Napisano 28 styczeń 2016 - 09:34

Limity zabieranych ryb określa Ustawa. Ochronę wód również przyjęło na siebie Państwo jako właściciel dóbr. W przypadku limitów raczej nikt nie zakładał, że wędkarz będzie łowił te limity codziennie (długi czas pracy, brak samochodów, mało wędkarzy mieszkających bezpośrednio nad wodą), albo tak skutecznie jak to teraz jest możliwe (toporny sprzęt, niedostępny sprzęt dla szerszej grupy, niedostępne metody połowu oraz przynęty, brak odzieży do każdych warunków pogodowych, mało łódek, pontonów, brak elektroniki, silników).

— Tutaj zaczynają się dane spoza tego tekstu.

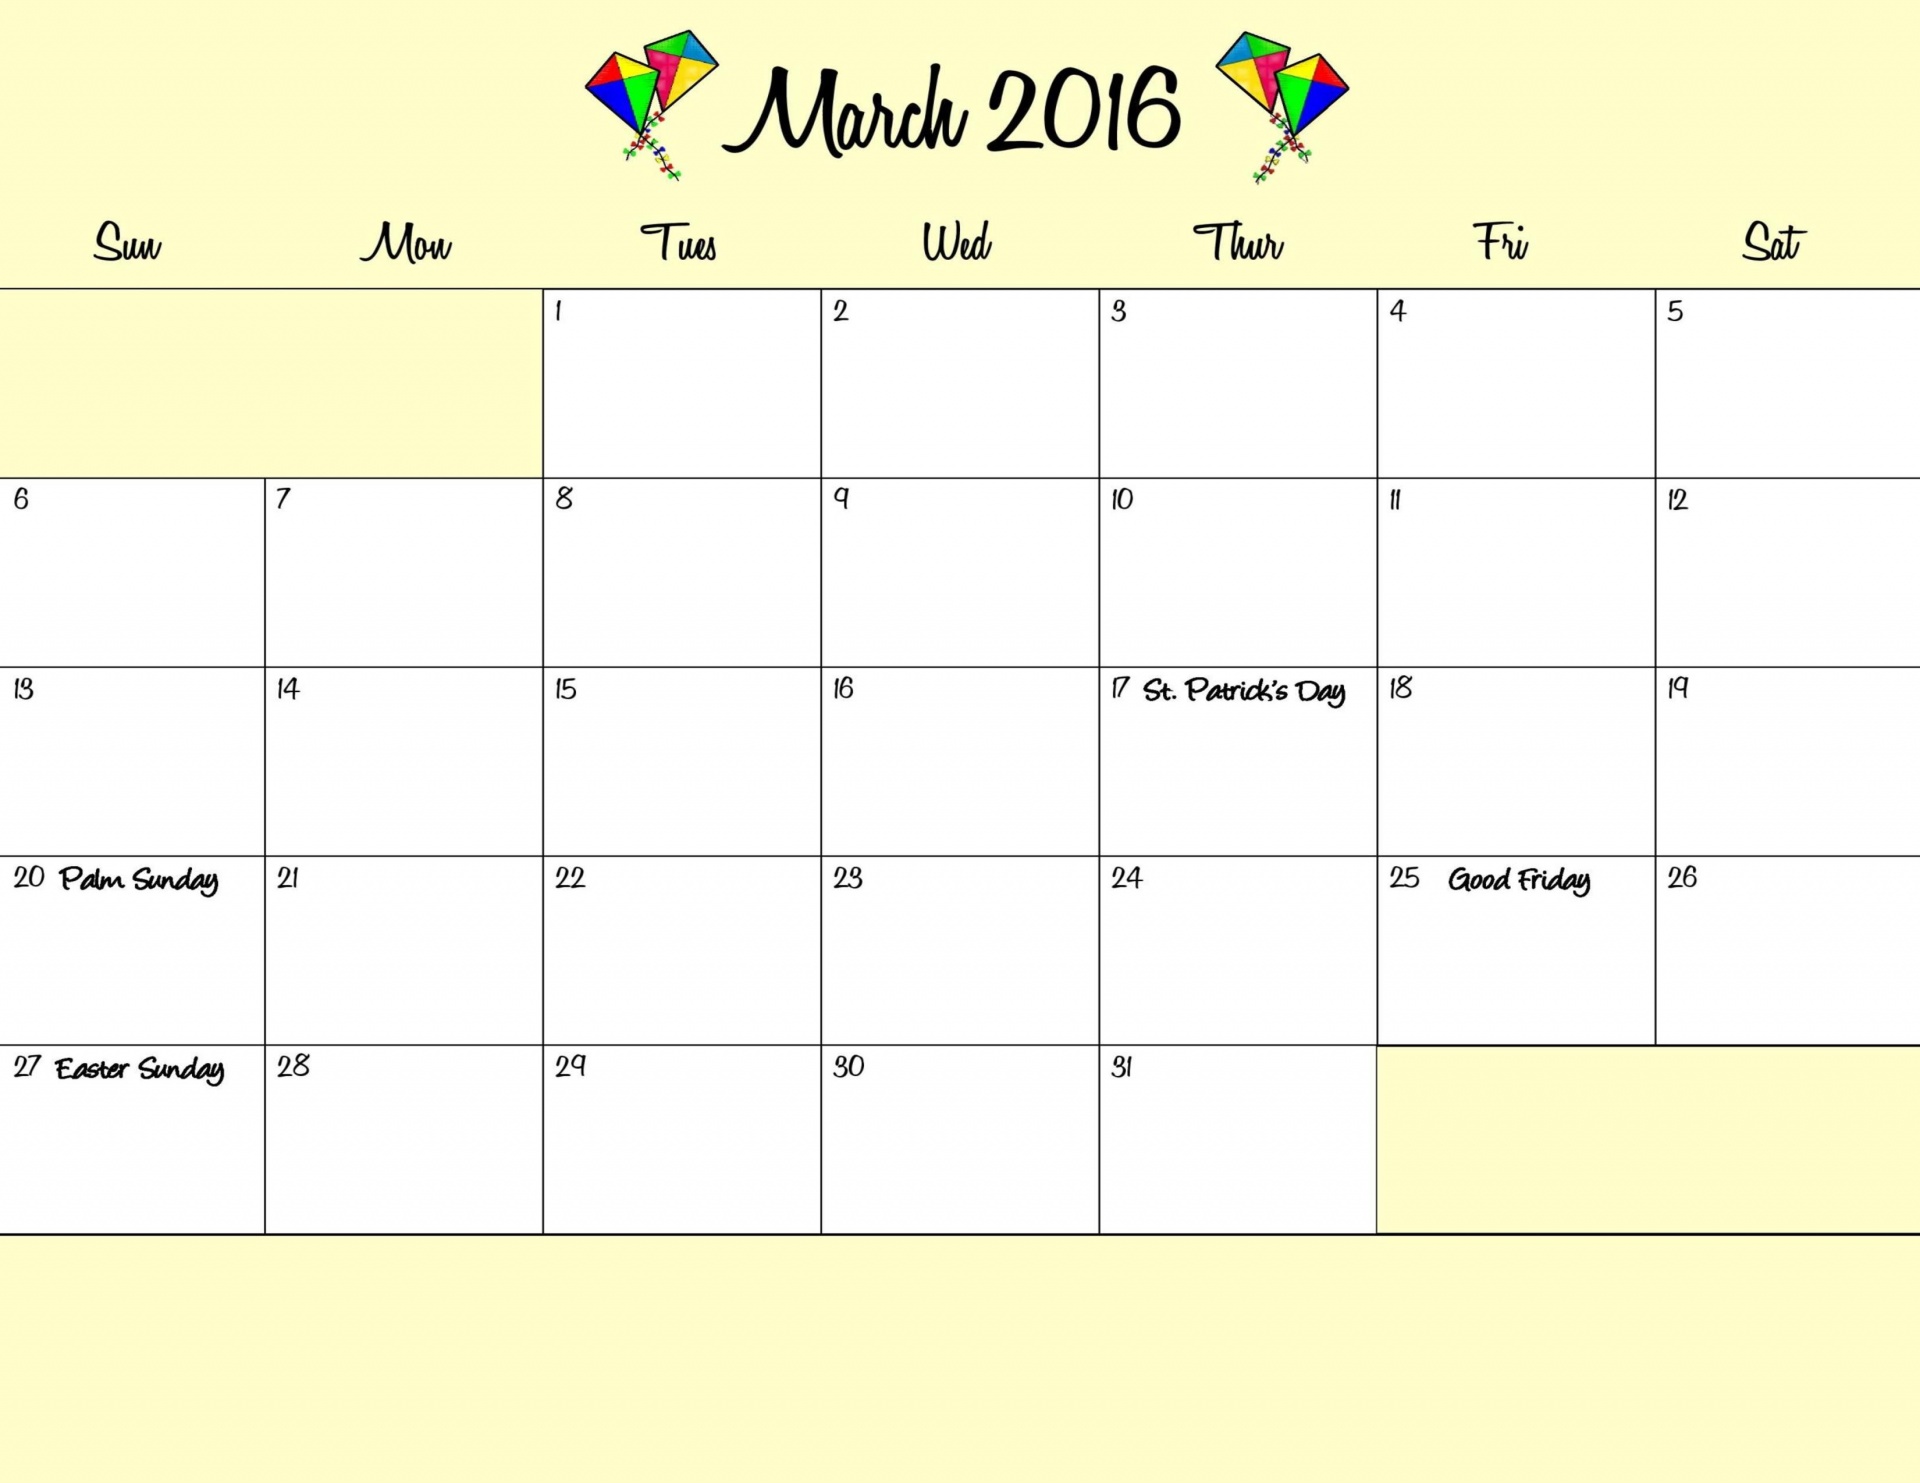 Março 2016 Planner

Natomiast ochrona wód jest traktowana po macoszemu, pewnie dlatego, że ktoś inny zajmuje się zarządzaniem w imieniu Skarbu Państwa, a ktoś inny ochroną tego majątku. To jest efekt pomysłu pod tytułem wszystkie wody są wspólne, czyli niczyje tak naprawdę. Być może przynajmniej powinno być zapisane w Ustawie strażnik PSR na X hektarów wody? Może oczywiście, ponieważ większość wód płynących ma wyznaczonego gospodarza i to on powinien zadbać o swój interes. 

W związku z tym, jeśli coś jest nieadekwatne do rzeczywistości, nie oznacza, że kiedyś również nie było. W jednym z artykułów jest opisana sytuacja w Finlandii. Tam również pewne zapisane prawa działały dopóki nie wzrosła ilość osób, które mogły skorzystać z tych praw niejako z automatu - nabywasz grunt przy wodzie i stajesz się współwłaścicielem wody. Logiczne jest, że takie rozwiązanie nie będzie działało po pewnym czasie jeśli grupa właścicieli nie podejmie działań, czyli nie wyjmie pieniędzy ze swojej kieszeni na ochronę, zarybienia, czy badania. Bo brać chce każdy, ale wkładać już niekoniecznie.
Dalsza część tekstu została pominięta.